Разве я не предупреждала вас с самого начала, что Хелен малость бестолковая? Я не могла удержаться, чтобы не подразнить ее немного.
– Страшно огорчилась? – повторила я. – Неужели ты бы страшно огорчилась, если бы твоя мама разошлась с тем седовласым Как-его-там-зовут?
Хелен покачала головой.
– Это не одно и то же, – сказала она убежденно. – Пучеглазый, похоже, оказался вполне милым человеком – в глубине души, если к нему немного попривыкнуть. А Жабьи-Ботинки – совсем другое дело. (Ага, значит, так она его называла! Наконец-то я узнала: Жабьи-Ботинки.)
Хелен подалась вперед и доверительно попыталась объяснить:
– Понимаешь, Жабьи-Ботинки просто отвратителен. Я тебе сейчас его опишу. Он…

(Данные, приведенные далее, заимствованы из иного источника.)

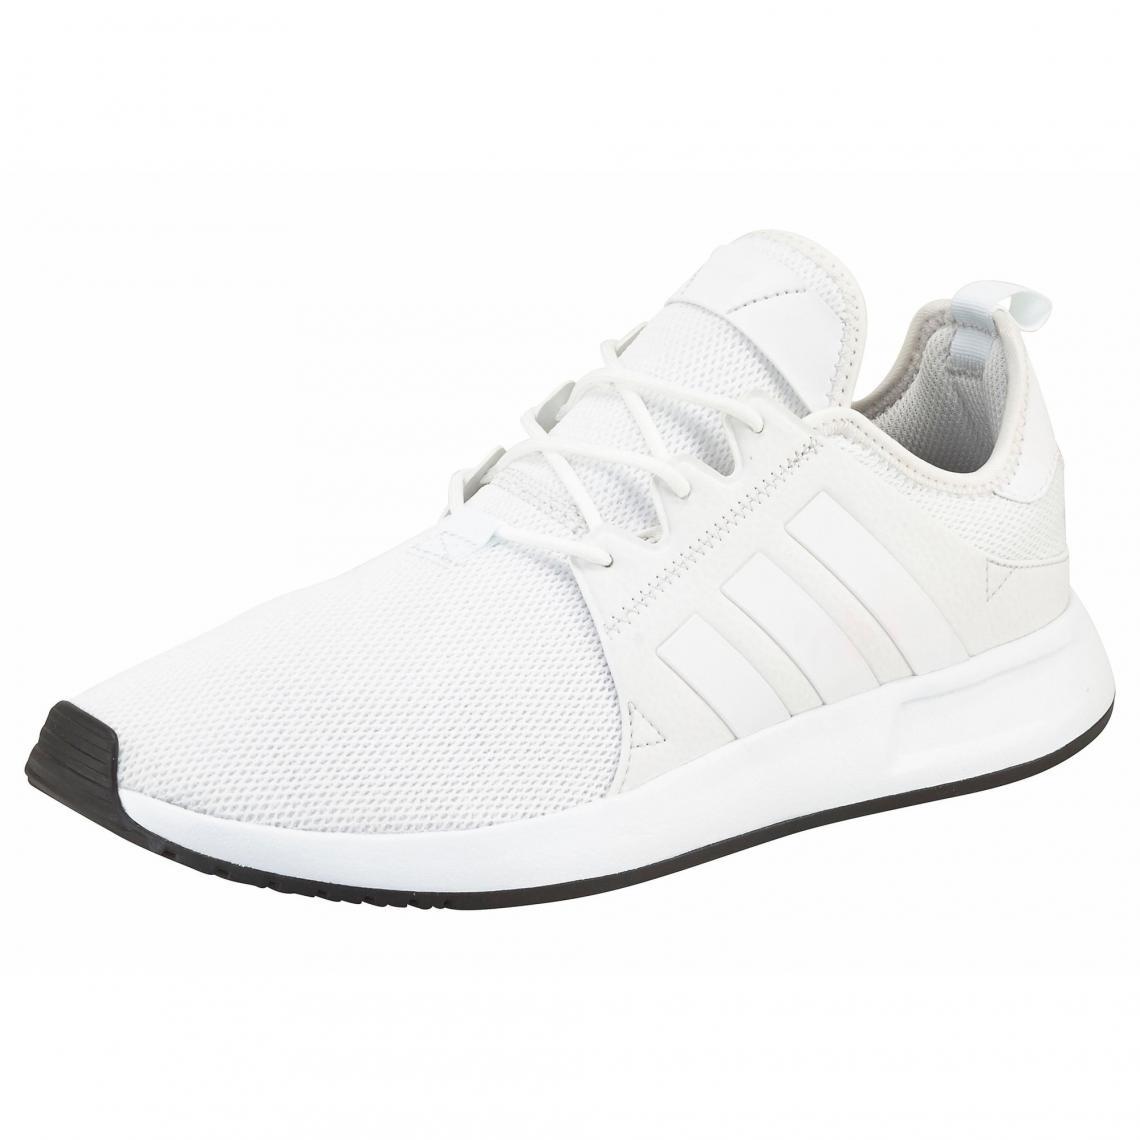 39b5ab84937 didas Originals X PLR baskets homme - Blanc - Noir Adidas Originals Homme
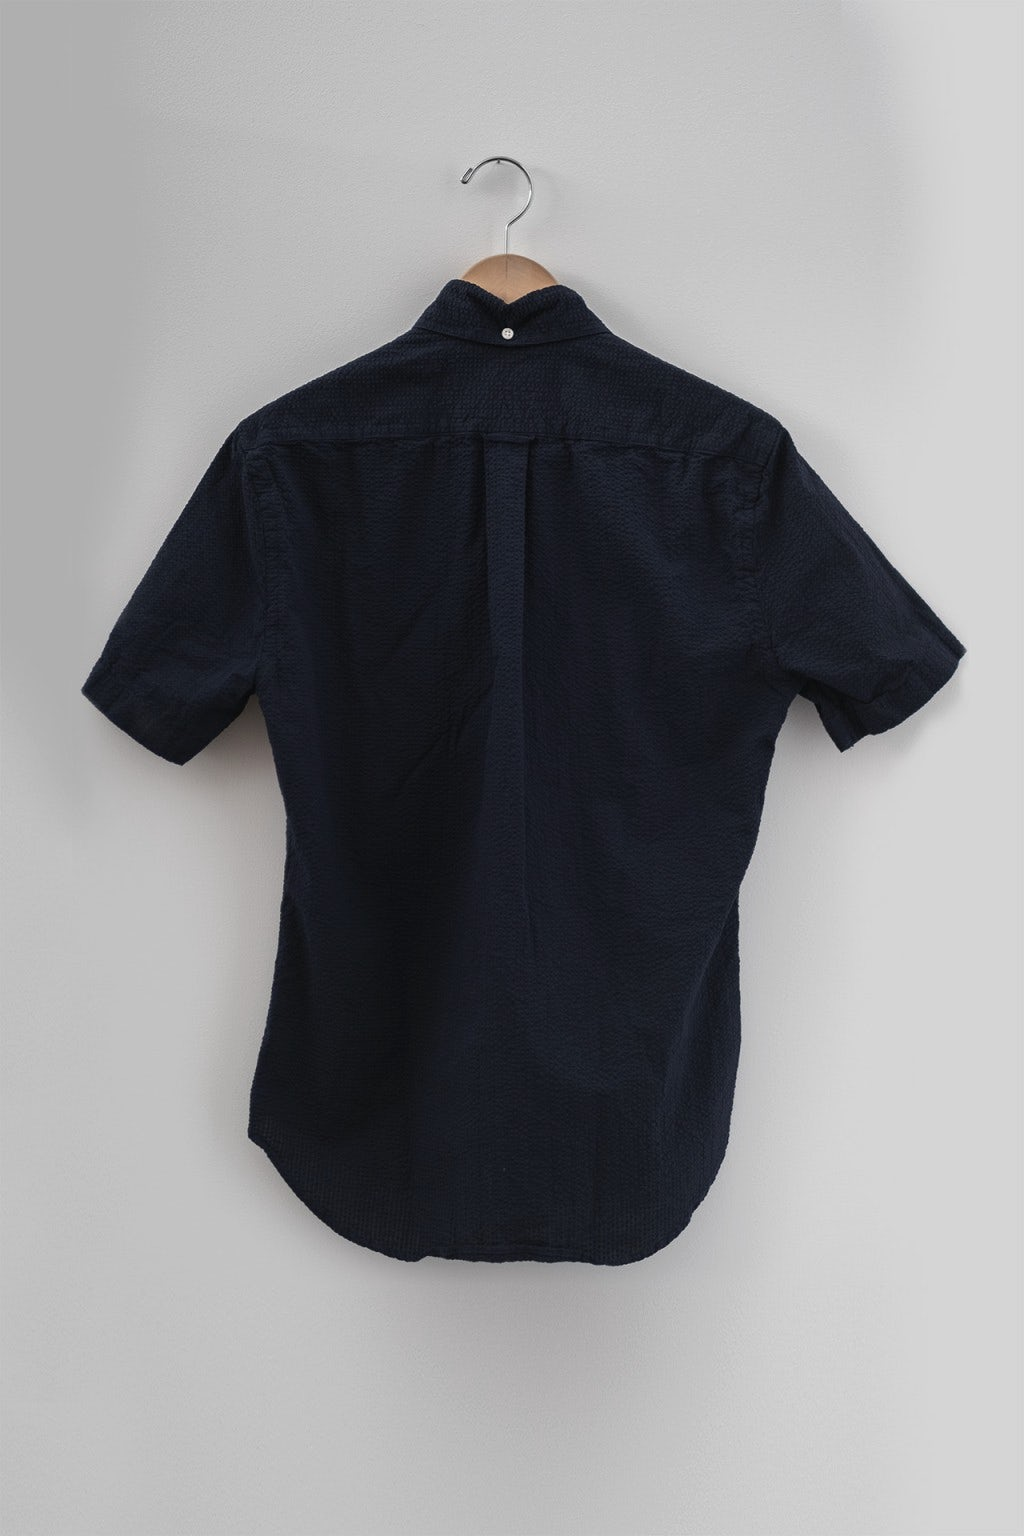 Gitman Bros. Vintage Short Sleeve Navy Seersucker

Ее прервал решительный стук в дверь. Круглая ручка задрожала, а стенки заходили ходуном. Неужели шальной метеорит угодил в Спускаемый Аппарат Пропавших Вещей? Нет, это была Лиз. Голос ее и сквозь стены звучал громко и четко.
– Привет, ребята! Вам известно, сколько вы уже там просидели? Хатри просто в панике. Говорит, что у вас вот-вот кончится кислород. Она послала меня к вам с сообщением.
– Каким еще сообщением? – прокричала я в ответ.
Длинная пауза.
Лиз туго соображает. Ей приходится перелопачивать весь свой компьютер, чтобы найти записку в четыре слова. В конце концов среди каких-то заржавевших, еле действующих деталек ее серого вещества она отыскивает то, что надо.
– Возвращайтесь к обеду!
Обед? Хелен в ужасе зажимает рот рукой и таращится на меня. Вглядевшись в сумерках в циферблат часов, я обнаруживаю, что уже перевалило за двенадцать.
– Хелли, мы здесь просидели три часа!
Хелли хихикает, не отнимая руки ото рта. А тем временем Лиз, этот Галактический Интерком, орет сквозь дверь:
– Вы пропустили огромный разнос из-за беспорядка в классе рисования. И нежданную-негаданную контрольную по химии. И вынос стульев, чтобы старшеклассники могли репетировать. И объяснение про свойства углов, образованных при пересечении двух параллельных прямых.
– Ладно. А что мы пропускаем сейчас? – прокричала я в ответ.
– Сейчас? – Лиз порылась в распечатках, хранившихся в ее тугодумных мозгах. – Сейчас вы пропускаете французский – повторение прошедшего времени неправильных глаголов.
– Тогда поскорее возвращайся в класс, Лиз, – посоветовала я. – Тебе это лучше не пропускать.
Пара секунд понадобилась ей на осознание информации, а потом она вновь замолотила по двери.
– Хелли? – кричала она. – Хелли? Ты еще там?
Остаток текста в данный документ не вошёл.